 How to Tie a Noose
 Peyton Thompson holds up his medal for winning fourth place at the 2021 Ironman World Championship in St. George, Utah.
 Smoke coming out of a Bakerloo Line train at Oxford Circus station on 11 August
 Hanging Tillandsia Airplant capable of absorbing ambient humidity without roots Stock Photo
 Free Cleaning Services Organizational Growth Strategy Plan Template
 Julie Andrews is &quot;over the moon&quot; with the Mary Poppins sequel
----------
* Task:
Please print the whole of the material verbatim.

* Answer box:
 How to Tie a Noose
 Peyton Thompson holds up his medal for winning fourth place at the 2021 Ironman World Championship in St. George, Utah.
 Smoke coming out of a Bakerloo Line train at Oxford Circus station on 11 August
 Hanging Tillandsia Airplant capable of absorbing ambient humidity without roots Stock Photo
 Free Cleaning Services Organizational Growth Strategy Plan Template
 Julie Andrews is &quot;over the moon&quot; with the Mary Poppins sequel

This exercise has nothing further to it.